438・閑話18
――幾つもの未来を視た。
奇跡的な必然で受け継いだ、つくりものの躯体には過ぎた異能。
ありとあらゆる意図された偶然に護られ、今日まで永らえ、視続けた。
降りしきる豪雨が如き、あの男の、凄惨な末期の数々を。
発端は、世界に身を捧げたコスタリカの聖女が抱いた願い。
刻々と命を削りながらも、けれど一度として私腹を肥やすためにチカラを使わなかった彼女の、たったひとつの我儘。
〔あの人に会いたい。あの人と出会いたいの〕
それを叶えるべく、知己だった父に与えられた、遥か未来の技術と知識。
そこから二十年以上の歳月をかけて作られたのが、他ならぬ私。
〔どうか、お願い〕
請われるまま、私は役目を果たした。
藤堂月彦と榊原リゼが、双方に縁もゆかりも無い地である山梨の大学に通うよう仕向けた。

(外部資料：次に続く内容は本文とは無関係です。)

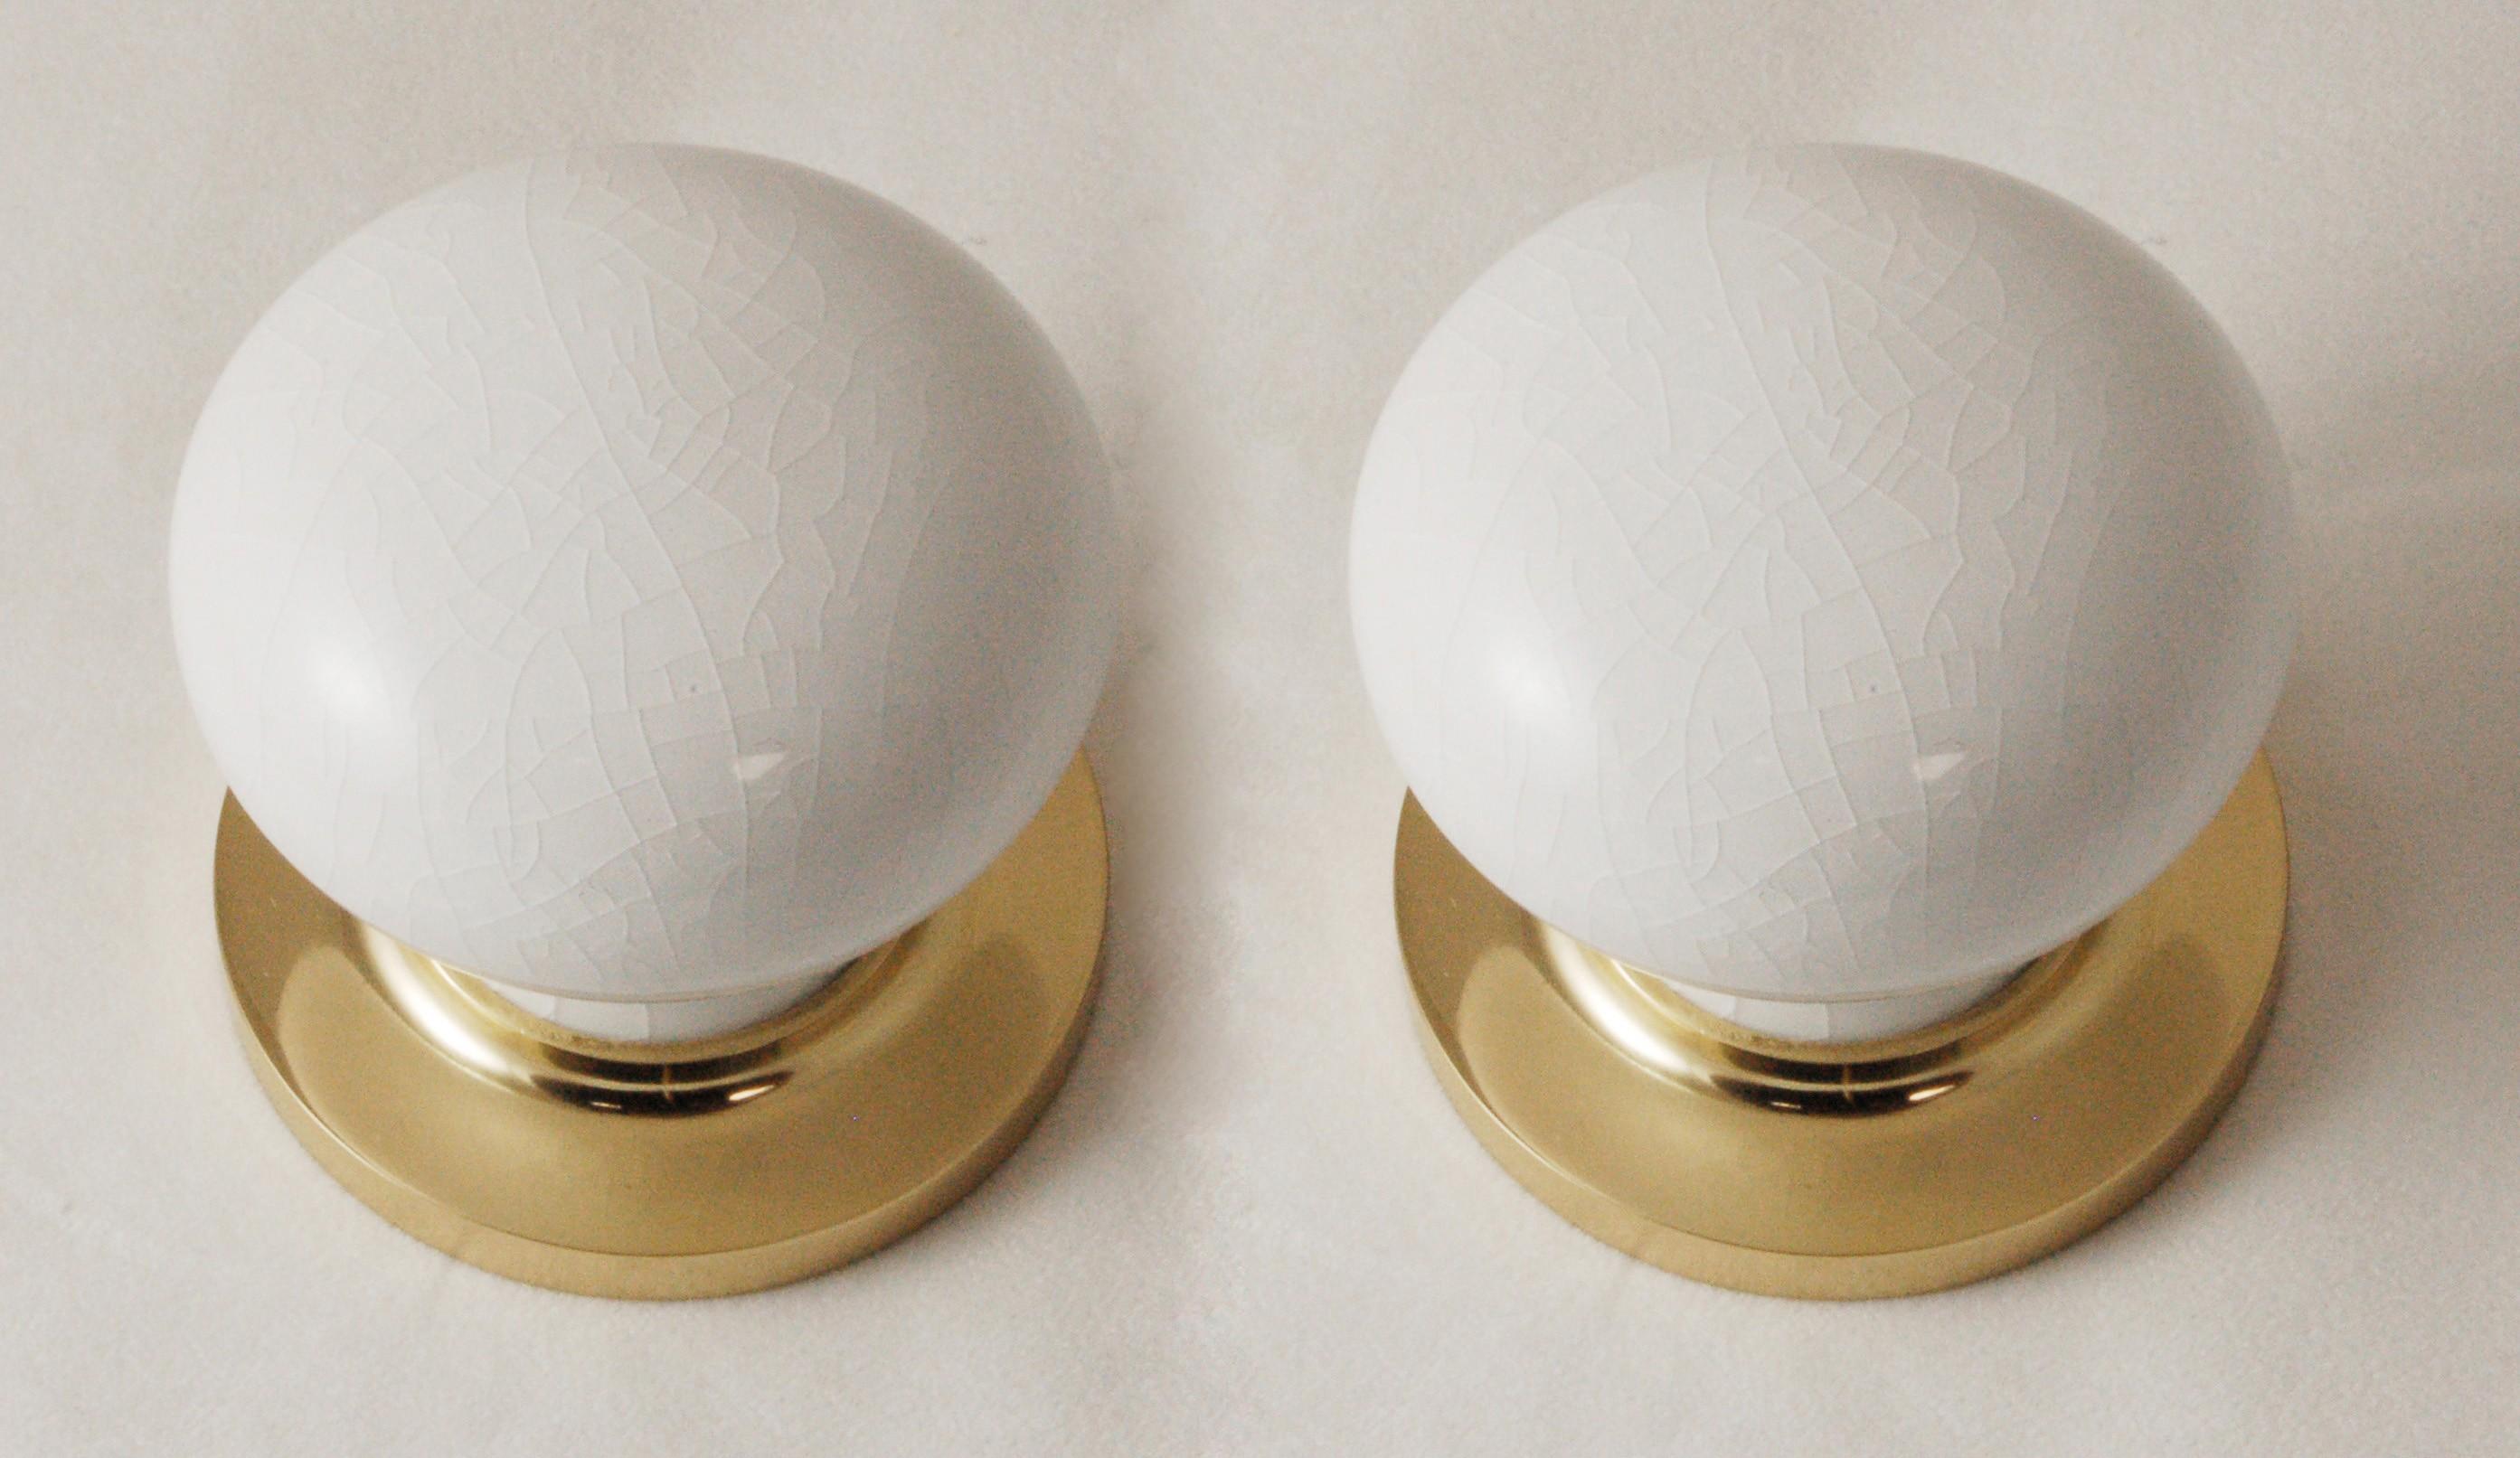 white porcelain door knobs photo - 16

小比類巻つむぎの容態が悪化した時期に合わせ、藤堂月彦に一億円の金銭が入るよう図った。
ほんの僅かに水先を傾けるだけの、些細な誘導。
けれど、斯くして少しずつ、望む形に歯車は回り始めた。
魔人、死神、怪物。
〔私の罪深き行いを、きっと神は赦されないでしょう〕
そんなこと。
貴女が居なければ、とうに世界は滅んでいたのに。
〔あの人は、饗宴の引鉄〕
善き未来への導き手とあれかし。
事象革命から間も無い頃、当時は今より遥かに貴重品だったスキルペーパーを手に入れた際、受けたという啓示。
〔本来、
世界最強の肉体を持つ男、
事象すら裂く人外剣魔、雪代萵苣。
剣魔の娘にして星撃ちの銃手、雪代硝子。
生まれついての超越者、リシュリウ・ラベル。
孤独な頂点、凹田凡次郎――改め、斬ヶ嶺鳳慈。
事象革命以降の百年間に於いて、純粋な武力暴力で惑星単位の破壊行為が可能と見做される超人達。
そんな連中と同格の存在を芽吹かせたとなれば、確かに誉められた話じゃない。
――でも。一体、誰が彼女を責められようか。
〔震えるばかりだった私を、あの人は救ってくれたの〕
か細い肩には重過ぎる荷を、文字通り死ぬまで背負い続けた。
築いた富の全てを人類のために費やし、自らは清貧で在り続けた。
〔直に会って、言葉を交わせたなら。地獄に落とされたって構わない〕
そんな彼女が何かを望んだのであれば、それを否定する権利など誰にも無い。
私が誰にも、否定させない。
…………。
故に。故にこそ、赦し難いのだ。
〔はあっ……早く、会いたい……〕
どれだけ思慕を向けようと、あいつは。あの男は。
貴女のことも――私の、ことも――
――全て全て、忘れてしまうのだから。